Out of about 6 million bridges in the US, 9% are structurally deficient and 13.6% are obsolete, as per
the 2017 Infrastructure Report Card by the American Society of Civil Engineers. On average 180 million trips are still made across each structurally deficient bridge per day causing significant safety
concerns. The lack of accurate real-time information on infrastructure conditions and coordination with traffic flow has resulted in significant loss of lives, time, money, and resources in the United States. The challenge concerning infrastructure safety has become more urgent and critical.
To address these urgent challenges and ensure the safety and prosperity of the US infrastructure
system, and economy, this project aims to build a scalable, coordinated, and AI-based network to acquire real-time infrastructure conditions data, adopt distributed algorithms for scalability. This will be achieved by real-time sensing and monitoring of infrastructure conditions, systematic data processing of infrastructure through machine learning, distributed optimization of heterogeneous sensor networks.
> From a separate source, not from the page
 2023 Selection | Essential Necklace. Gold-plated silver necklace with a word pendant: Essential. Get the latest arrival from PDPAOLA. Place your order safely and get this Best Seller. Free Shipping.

The candidate will work with an interdisciplinary team from Civil Engineering (Luna Lu) and Mechanical Engineering/Mathematics/Statistics (Guang Lin) with expertise in infrastructure materials, structural and materials sensing, data sciences, and machine learning.
Start Date
05/01/2021
Postdoc Qualifications
The postdoc researcher should be research background in the area of materials and mechanics, infrastructure and materials sensing, or machine learning / data science. we strongly encourage applicants from minority and under-represented groups.
Co-Advisors
Prof. Luna Lu from Civil Engineering
Prof. Guang Lin from Mechanical Engineering
References
Su, Y. F., Han, G., Nantung, T. & Lu, N. Novel methodology on direct extraction of the strength information from cementitious materials using piezo-sensor based electromechanical impedance (EMI) method. Constr. Build. Mater. 259, 119848 (2020).
Su, Y., Han, G., Kong, Z., Nantung, T. & Lu, N. Embeddable Piezoelectric Sensors for Strength Gain Monitoring of Cementitious Materials : The Influence of Coating Materials. Eng. Sci. 1–33 (2020).
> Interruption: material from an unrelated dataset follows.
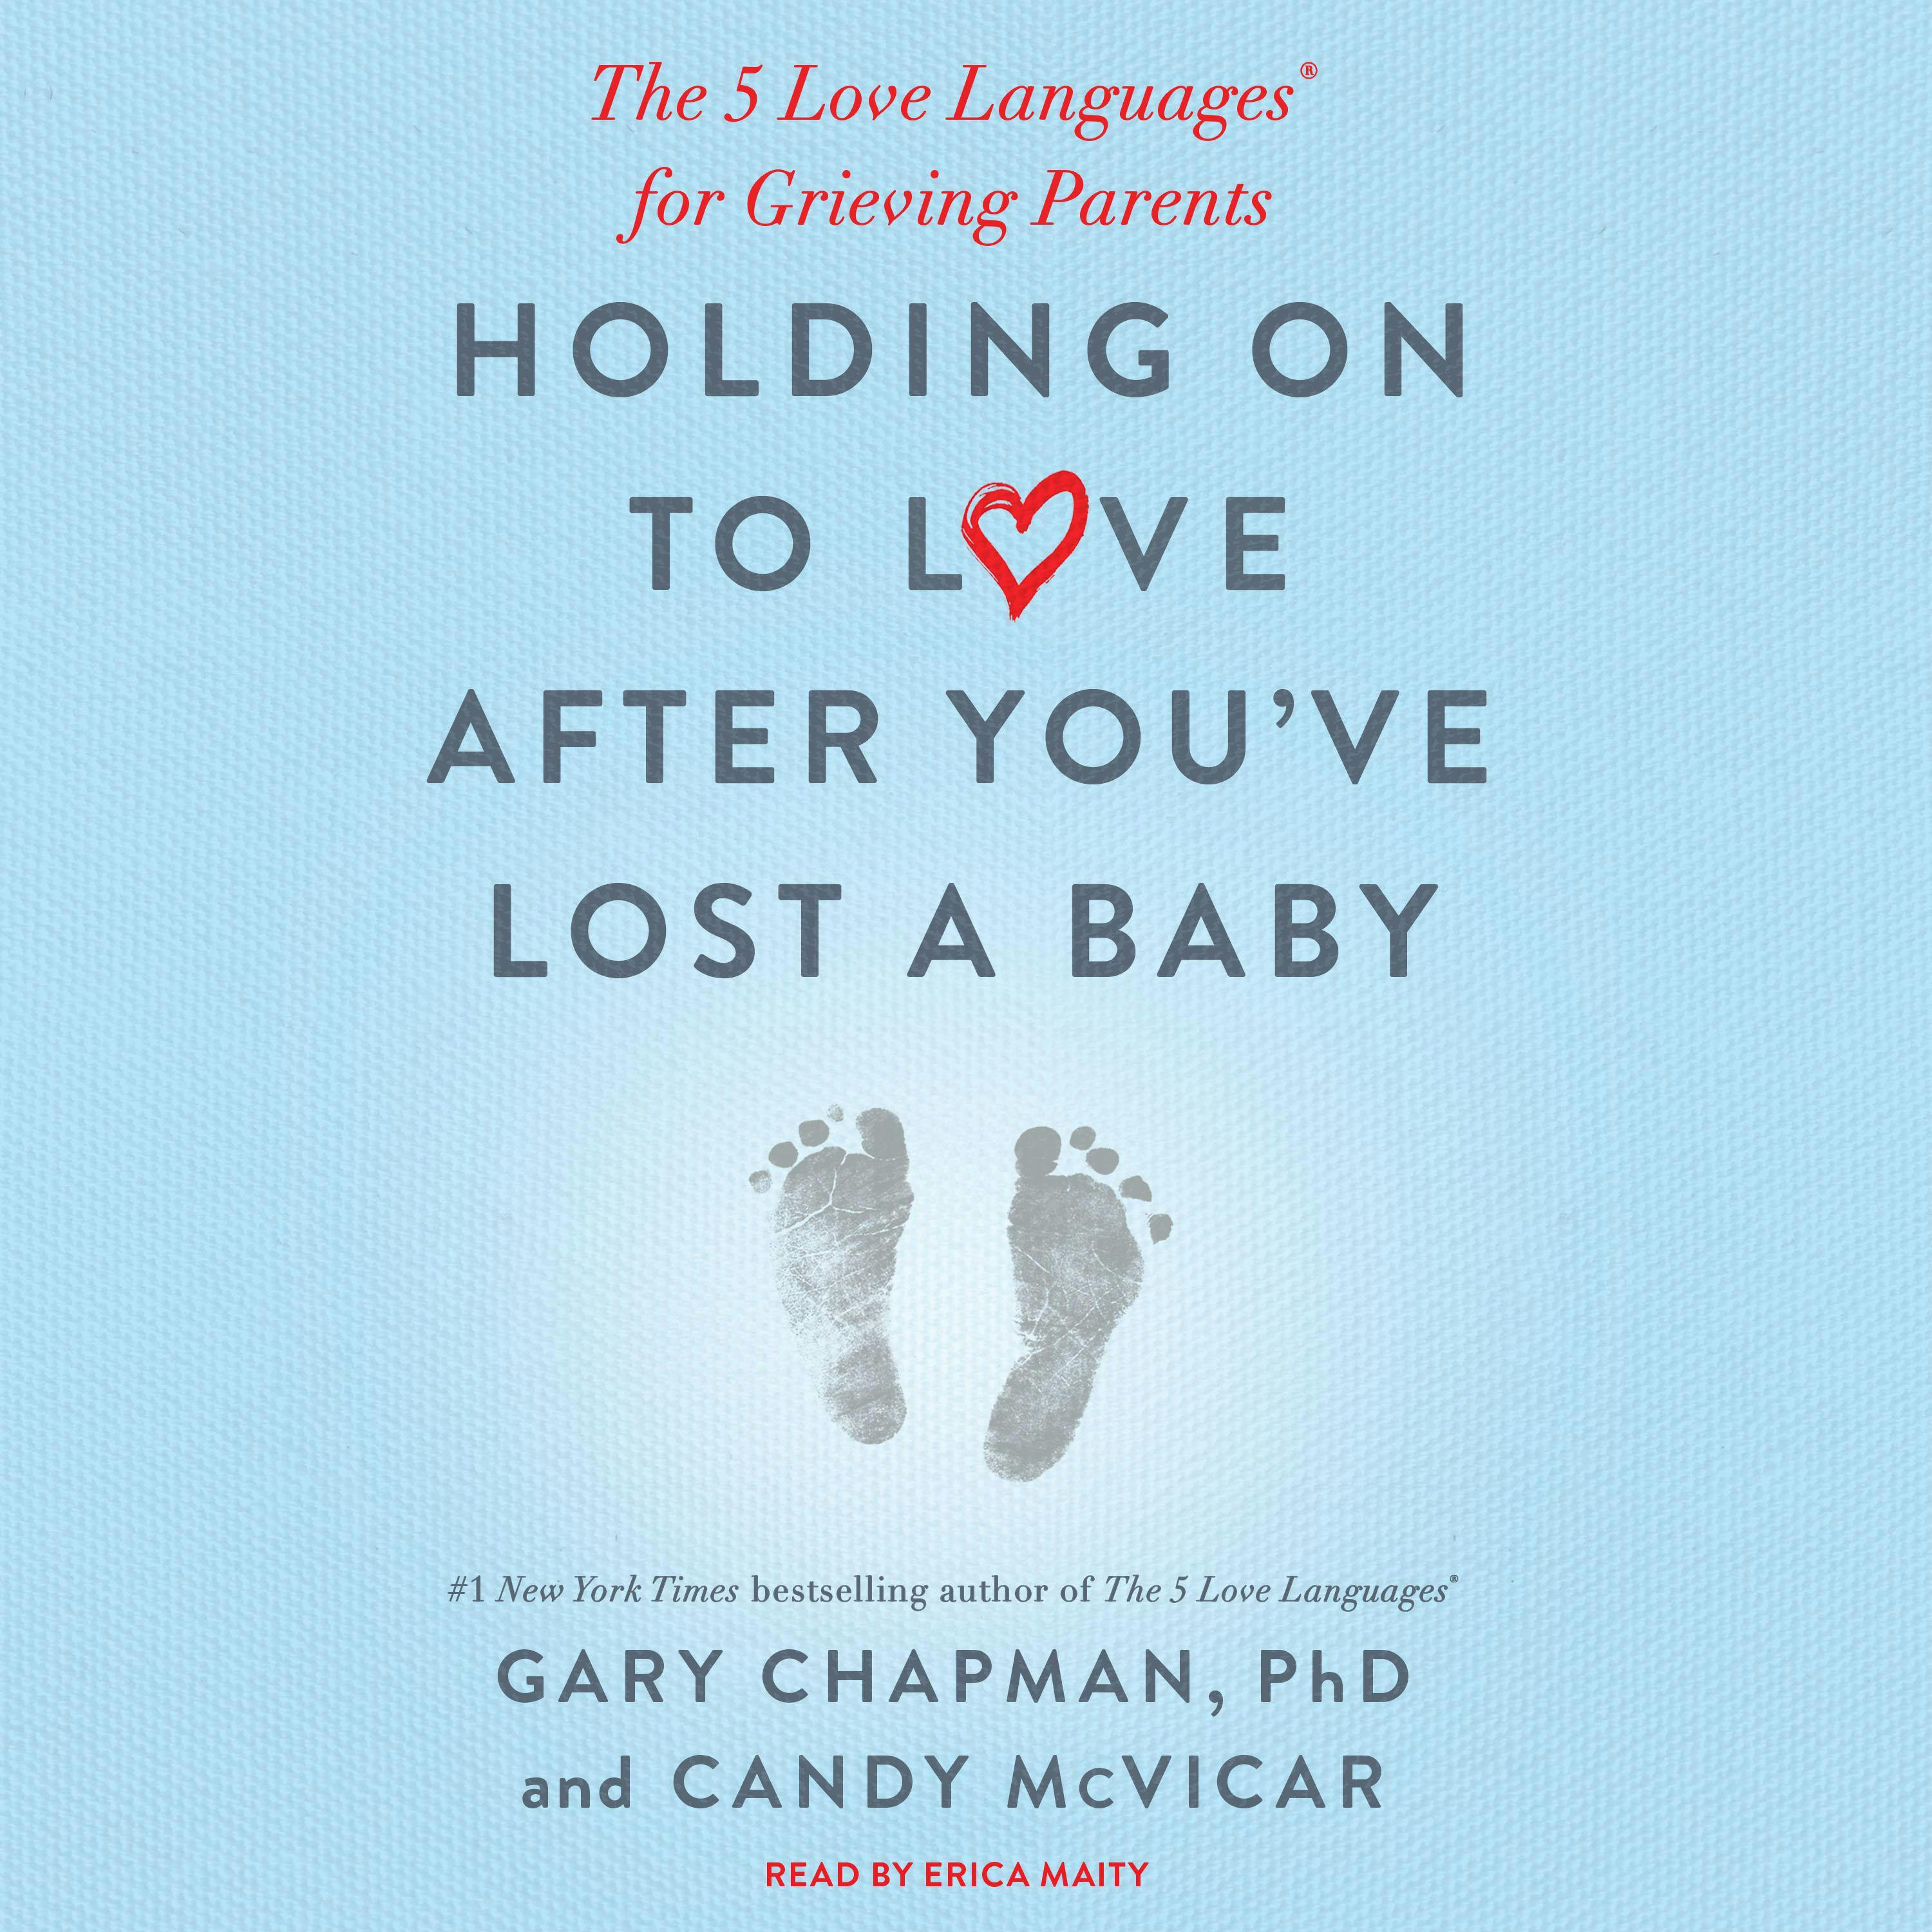 Holding on to Love After You've Lost a Baby: The 5 Love Languages® for Grieving Parents - Gary Chapman, Candy McVicar

Kong, Z. & Lu, N. Improved Method to Determine Young’s Modulus for Concrete Cylinder Using Electromechanical Spectrum: Principle and Validation. J. Aerosp. Eng. 33, 04020079 (2020).
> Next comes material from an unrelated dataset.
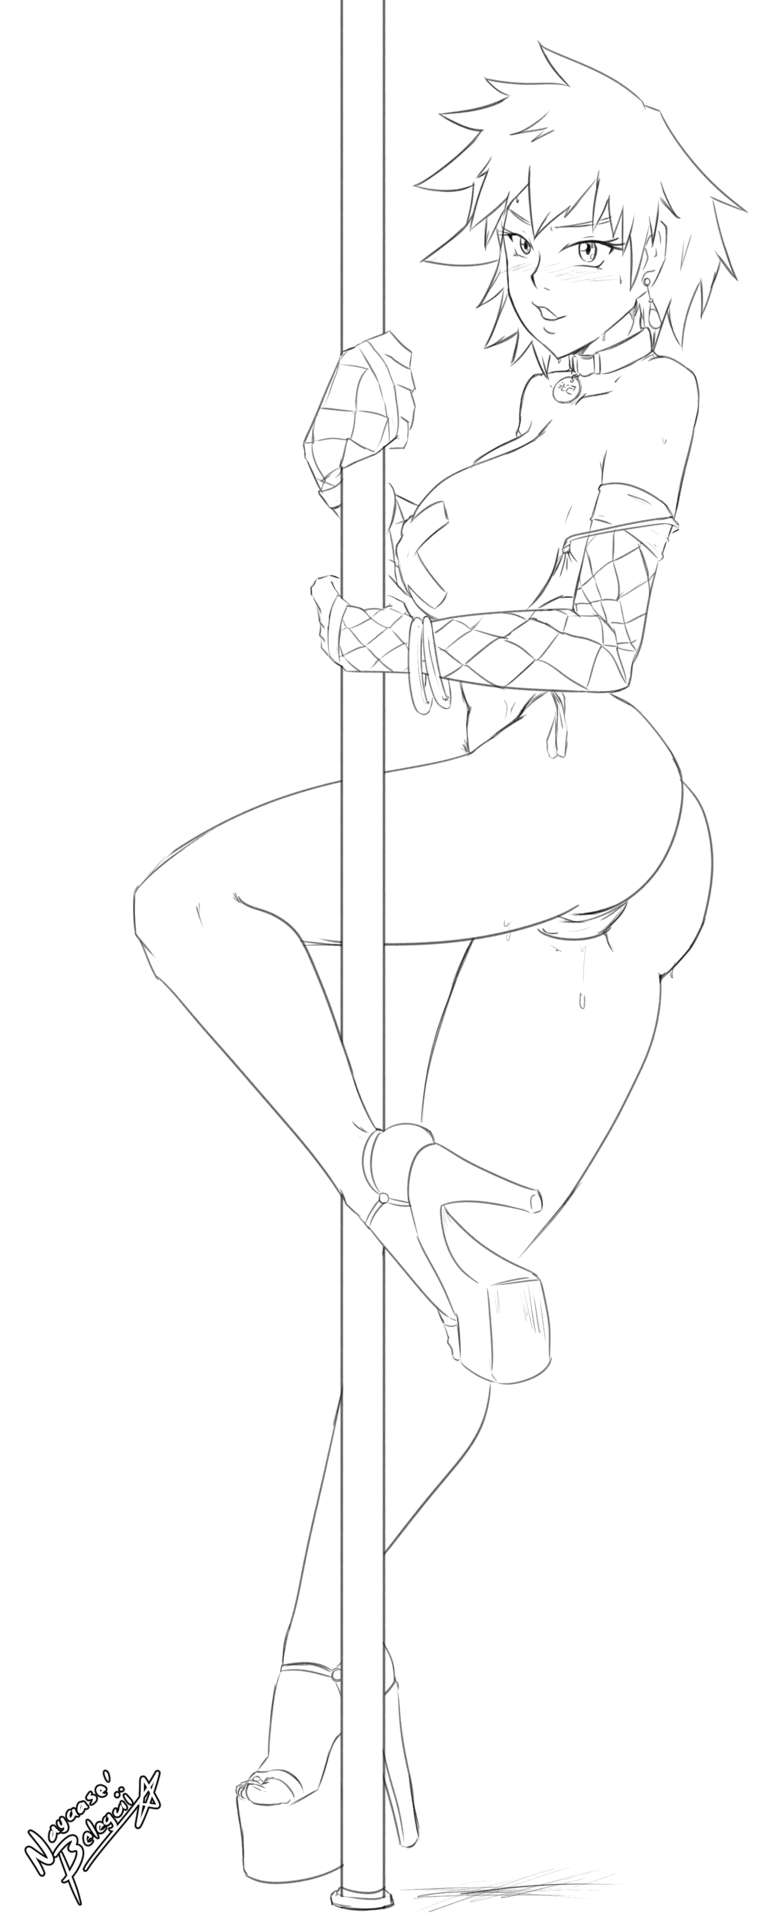 zapotecdarkstar: Best MILF in MHA  Fishnets are hard to draw, any tips on them?

Winovich, N., Ramani, K. & Lin, G. ConvPDE-UQ: Convolutional neural networks with quantified uncertainty for heterogeneous elliptic partial differential equations on varied domains. J. Comput. Phys. 394, 263–279 (2019).
Zhang, B., Konomi, B. A., Sang, H., Karagiannis, G. & Lin, G. Full scale multi-output Gaussian process emulator with nonseparable auto-covariance functions. J. Comput. Phys. 300, 623–642 (2015).